Service Account Configuration
// /etc/opensearch/gcs-credentials.json
{
"type": "service_account",
"project_id": "your-project-id",
"private_key_id": "key-id",
"private_key": "-----BEGIN PRIVATE KEY-----\n...\n-----END PRIVATE KEY-----\n",
"client_email": "opensearch-backup@your-project-id.iam.gserviceaccount.com",
"client_id": "1234567890",
"auth_uri": "https://accounts.google.com/o/oauth2/auth",
"token_uri": "https://oauth2.googleapis.com/token",
"auth_provider_x509_cert_url": "https://www.googleapis.com/oauth2/v1/certs",
"client_x509_cert_url": "https://www.googleapis.com/robot/v1/metadata/x509/opensearch-backup%40your-project-id.iam.gserviceaccount.com"
}
Set proper permissions:
sudo chown opensearch:opensearch /etc/opensearch/gcs-credentials.json
sudo chmod 600 /etc/opensearch/gcs-credentials.json
Step 5: Start OpenSearch and Verify
# Start OpenSearch
sudo systemctl start opensearch
# Wait for cluster to be ready
while ! curl -s $AUTH "$OPENSEARCH_URL/_cluster/health" | grep -q '"status":"green"\|"status":"yellow"'; do
echo "Waiting for cluster to be ready..."
sleep 5
done
# Verify plugin is loaded
curl -s $AUTH "$OPENSEARCH_URL/_cat/plugins?v" | grep repository-gcs
Step 6: Reconfigure Repositories
#!/bin/bash
# reconfigure-repositories.sh
# Update existing repository with new settings
curl -X PUT "$OPENSEARCH_URL/_snapshot/gcs-backup" \
$AUTH \
-H "Content-Type: application/json" \
-d '{
"type": "gcs",
"settings": {
"bucket": "opensearch-snapshots",
"client": "default",
"base_path": "snapshots/prod",
"chunk_size": "1gb",
"compress": true,
"max_restore_bytes_per_sec": "100mb",
"max_snapshot_bytes_per_sec": "40mb",
"readonly": false,
"metadata": {
"cluster_name": "production",
"upgraded_at": "'$(date -u +%Y-%m-%dT%H:%M:%SZ)'"
}
}
}'
# Verify repository
curl -X POST "$OPENSEARCH_URL/_snapshot/gcs-backup/_verify" $AUTH
Migration Strategies
Strategy 1: In-Place Upgrade
Suitable for minor version upgrades with backward compatibility.
#!/bin/bash
# in-place-upgrade.sh
# 1. Create verification snapshot
VERIFY_SNAPSHOT="verify-$(date +%Y%m%d-%H%M%S)"

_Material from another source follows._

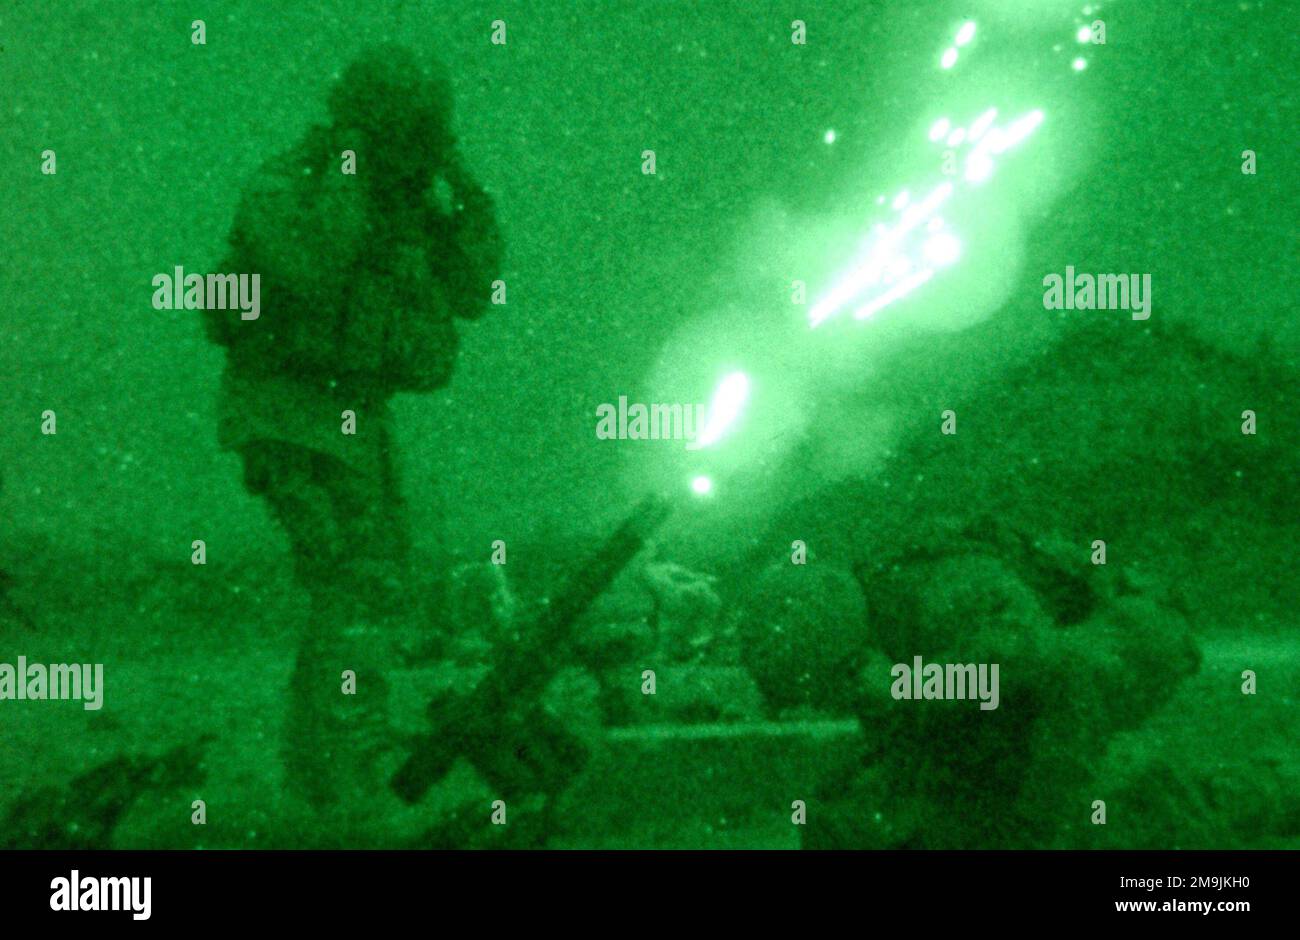 US Army (USA) Soldiers assigned to Alpha Company, 82nd Airborne Division, fire an M83A3 illumination round from their 60mm M224 lightweight company mortar, in order to get a better look at the outer perimeter of Bagram Air Base (AB), Afghanistan, during Operation ENDURING FREEDOM. Subject Operation/Series: ENDURING FREEDOM Base: Bagram Air Base State: Parwan Country: Afghanistan (AFG) Stock Photo

curl -X PUT "$OPENSEARCH_URL/_snapshot/gcs-backup/$VERIFY_SNAPSHOT" \
$AUTH \
-H "Content-Type: application/json" \
-d '{
"indices": ".opensearch",
"include_global_state": false
}'
# 2. Test restore capability
curl -X POST "$OPENSEARCH_URL/_snapshot/gcs-backup/$VERIFY_SNAPSHOT/_restore" \
$AUTH \
-H "Content-Type: application/json" \
-d '{
"indices": ".opensearch",
"rename_pattern": "(.+)",
"rename_replacement": "test_$1"
}'
# 3. Verify and cleanup
curl -X DELETE "$OPENSEARCH_URL/test_*" $AUTH
curl -X DELETE "$OPENSEARCH_URL/_snapshot/gcs-backup/$VERIFY_SNAPSHOT" $AUTH
Strategy 2: Blue-Green Migration
For major version upgrades or when downtime must be minimized.
#!/bin/bash
# blue-green-migration.sh
# Setup new cluster with new plugin version
NEW_CLUSTER="https://new-cluster:9200"
# 1. Configure repository on new cluster
curl -X PUT "$NEW_CLUSTER/_snapshot/gcs-migration" \
$AUTH \
-H "Content-Type: application/json" \
-d '{
"type": "gcs",
"settings": {
"bucket": "opensearch-snapshots",
"client": "default",
"base_path": "migration/temp",
"readonly": false
}
}'
# 2. Create snapshot on old cluster
MIGRATION_SNAPSHOT="migration-$(date +%Y%m%d-%H%M%S)"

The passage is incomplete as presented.